Article ID: CJ-17-1094
A healthy 25-year-old man was involved in a traffic accident while riding a motorcycle and was transported to Hikone Municipal Hospital by ambulance. Computed tomography (CT) showed a right femoral head fracture with dislocation, and 2 calcified masses in the inferior vena cava (IVC), which could not be ruled out as bone fragments (Figure A,B). Massive blood transfusion was performed for relief of hemorrhagic shock. Open surgery was thought to be necessary for removal of the calcified masses, but systemic heparinization was ruled out in view of the bleeding status. For investigation of the masses, therefore, an IVC filter was first placed in order to prevent further movement of the masses toward the heart. Femoral head replacement was performed on day 5 after injury, and the patient was then transferred to Nagahama City Hospital. Laboratory tests indicated no hematological disorders, including coagulopathy.
Preoperative computed tomography (CT) showing (A,B) the inferior vena cava (IVC) filter and 2 calcified masses in the IVC, and representative photographs of the (C) extracted IVC filter and (D,E) phleboliths. (F–H) Perioperative CT at (F) 13 days after injury, (G) 16 days after injury (arrow, phlebolith), and (H) 3 months after surgery.
Removal of both calcified masses and the IVC filter was done on day 19 after injury. The IVC was exposed via a right anterior subcostal incision. An extracorporeal circuit was used during IVC clamping, and the calcified masses and IVC filter were completely removed (Figure C–E). The masses were mildly adhered to the IVC wall, and fresh thrombi were trapped in the IVC filter. The postoperative course was uneventful, and the patient was returned to Hikone Municipal Hospital on the 10th postoperative day for rehabilitation. On histology, both of the masses were phleboliths without bone components.

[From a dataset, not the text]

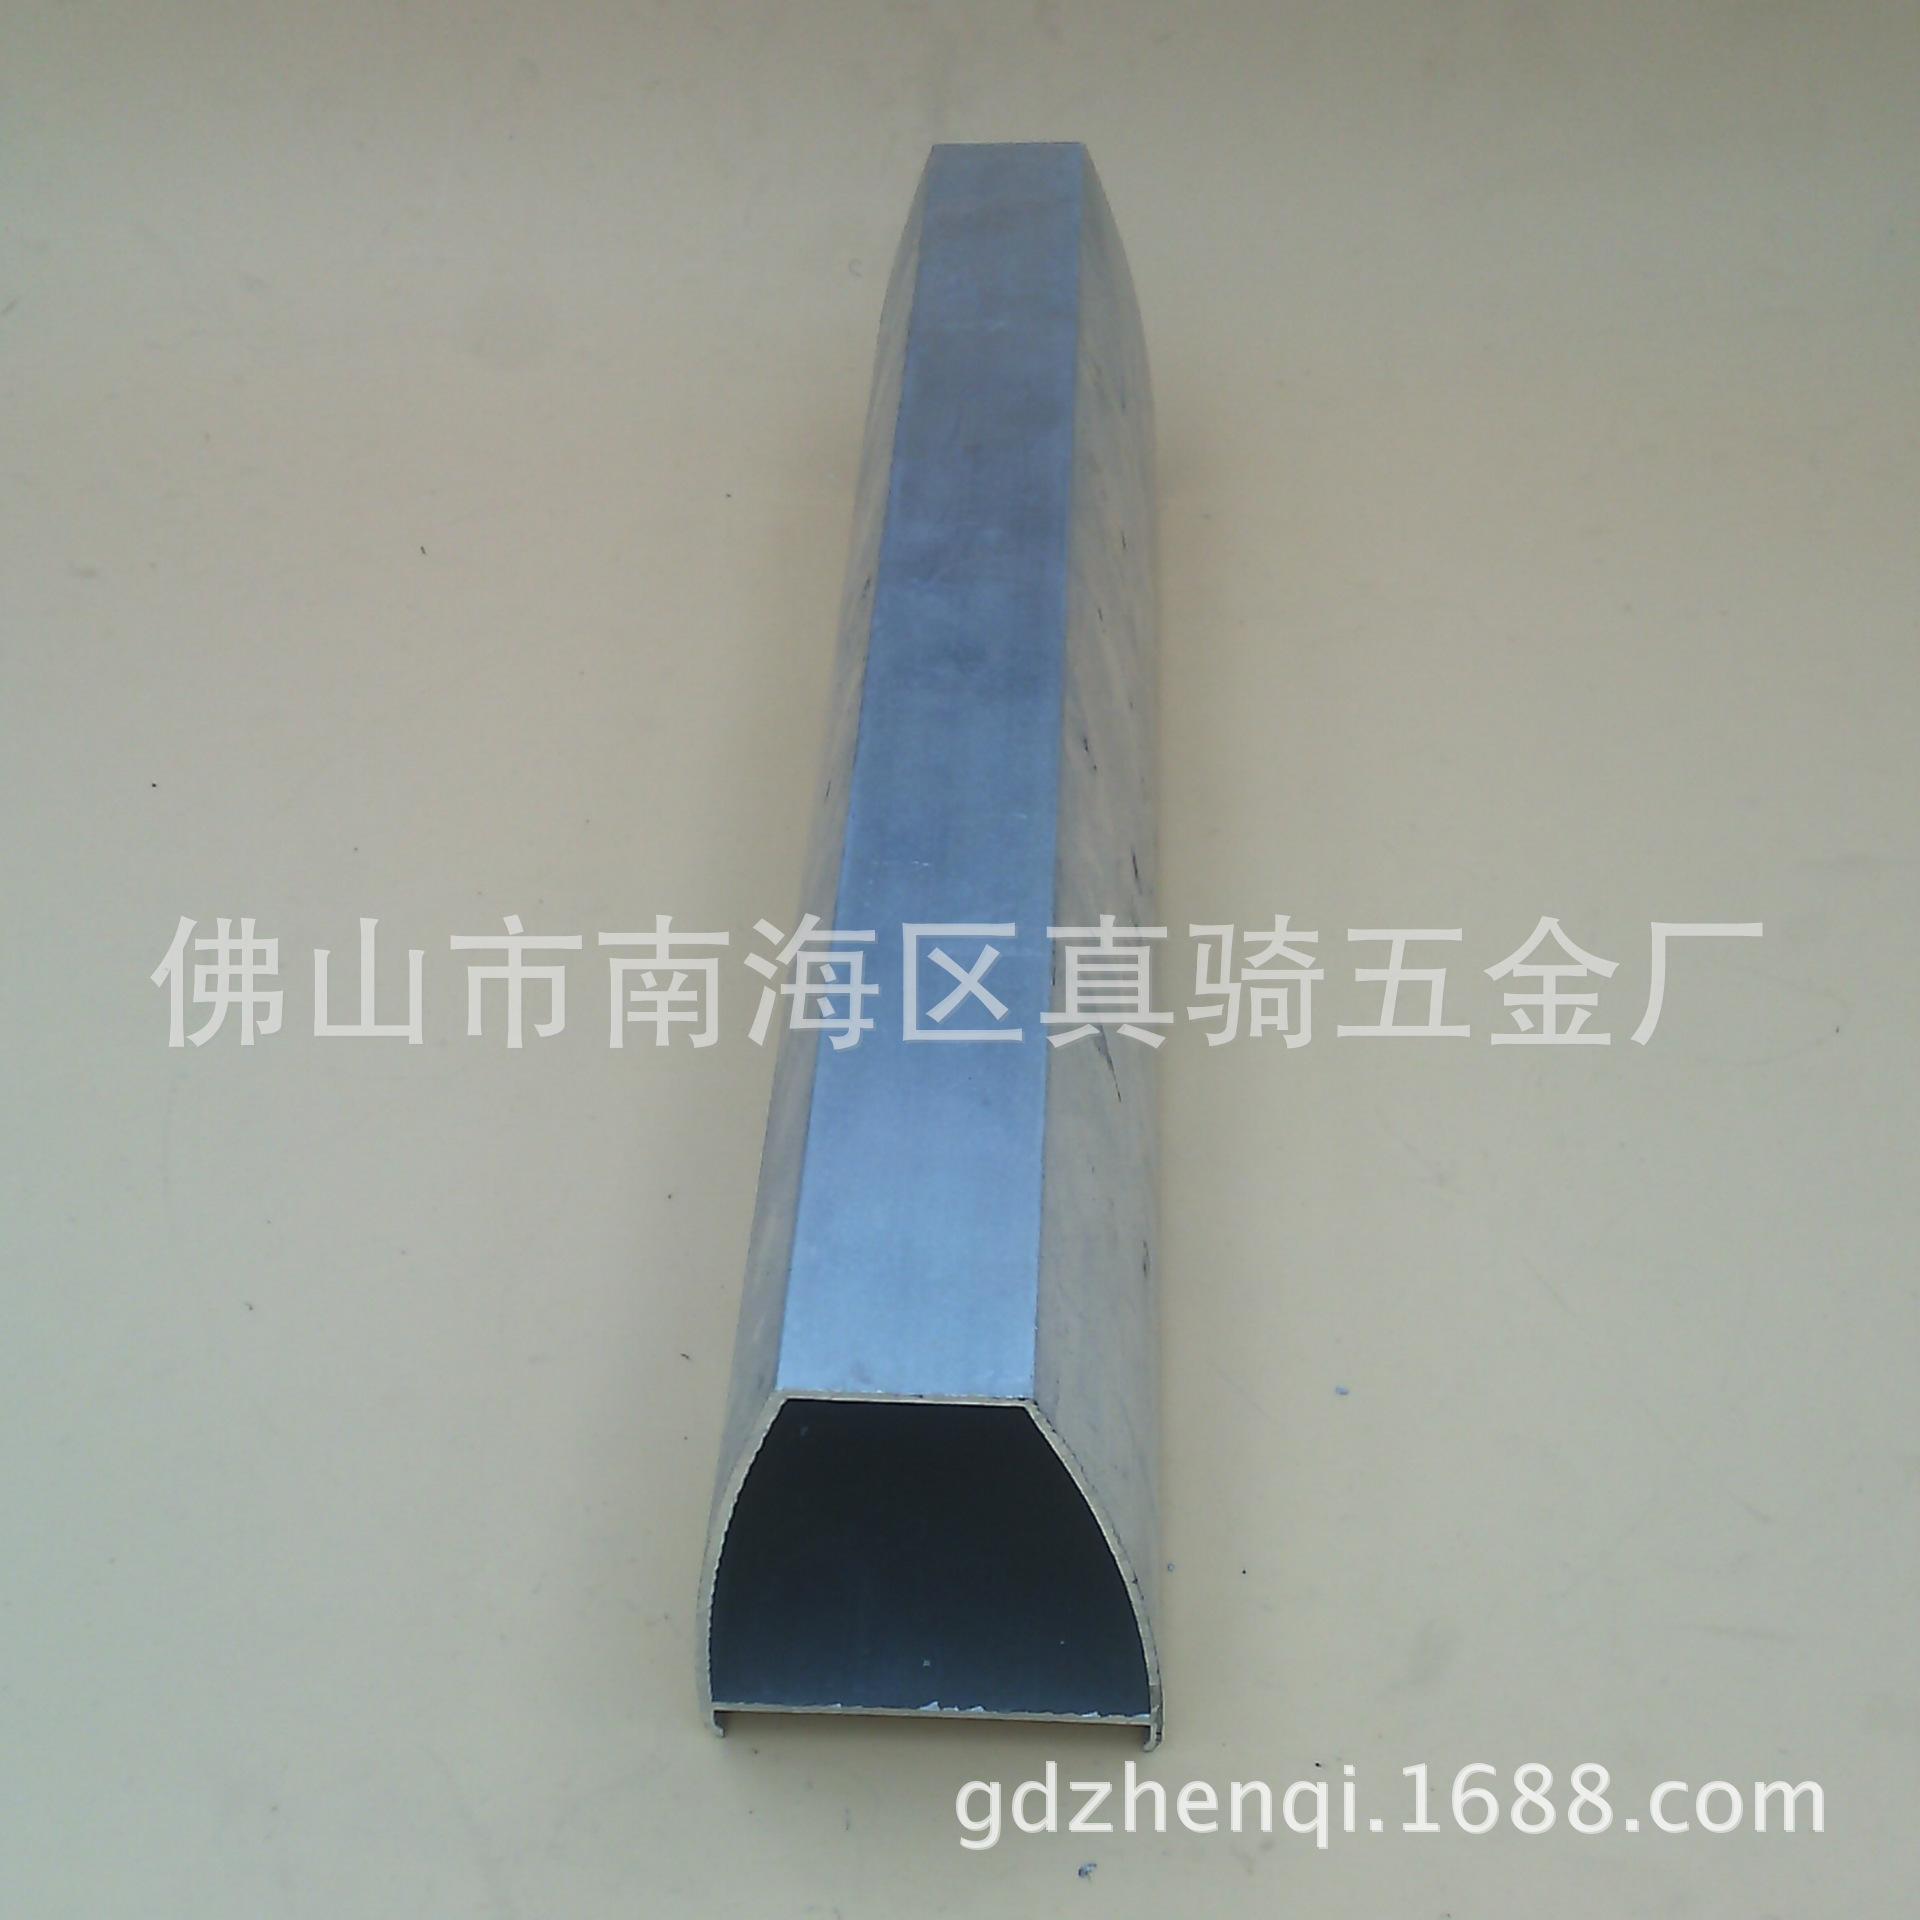 厂家直销梯形铝型材,音响音柱外壳铝型材,小音箱外壳铝型

Phleboliths are calcified blood clots that arise in pelvic veins, and often require differential diagnosis from urinary tract calculi. The youngest reported patient with phleboliths was 16 years of age.1,2 A total of 50% of individuals in their 20 s and 89% of those in 70 s in the UK have phleboliths.3 Phleboliths are thus quite common, irrespective of age.

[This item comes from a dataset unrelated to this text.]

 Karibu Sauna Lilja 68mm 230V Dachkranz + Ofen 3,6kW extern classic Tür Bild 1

The mechanism of phlebolith formation has not been fully clarified. Various factors such as impairment of local venous circulation, congestion, absence of valves in the pelvic veins, changes in vessel walls due to advanced age, phlebitis, and inflammation in surrounding structures have been suggested. These factors can result in damage to the vessel walls and changes in blood flow.4,5 One theory to explain the apparently higher incidence of thrombus calcification in the pelvis is the high local concentration of phosphatase in the tissues surrounding the bladder, leading to deposition of calcium on the pelvic vein thrombi.5 A total of 98% of phleboliths are, in fact, located in the pelvis, and the remaining 2% are suprapelvic.6 To our knowledge, no previous report has documented phleboliths in the IVC. It is thought that, in the present case, the physical force of the traffic accident triggered the migration of pelvic phleboliths, which reached the IVC via the bloodstream. Moreover, preoperative CT indicated a new pelvic phlebolith in the left peripheral internal iliac vein at 16 days after injury (Figure G), which had not been present on CT at 13 days after injury (Figure F). This suggested that the phlebolith reached its observed size in a short period of time. This left-side phlebolith disappeared from its original location by 3 months after the operation without any evidence of migration to another site (Figure H), suggesting that it had dissolved. No similar phenomenon has been reported in the literature so far.
Migrated phleboliths tend to adhere to the IVC wall when patients are bed-bound, and therefore IVC filter placement to prevent their further migration may not be necessary. Such a strategy, however, may help to avoid pulmonary embolism during a long period of bed rest.
In conclusion, when CT shows a calcified mass in the IVC, the possibility of phlebolith should be considered, especially in patients with pelvic trauma.
The authors declare no conflicts of interest.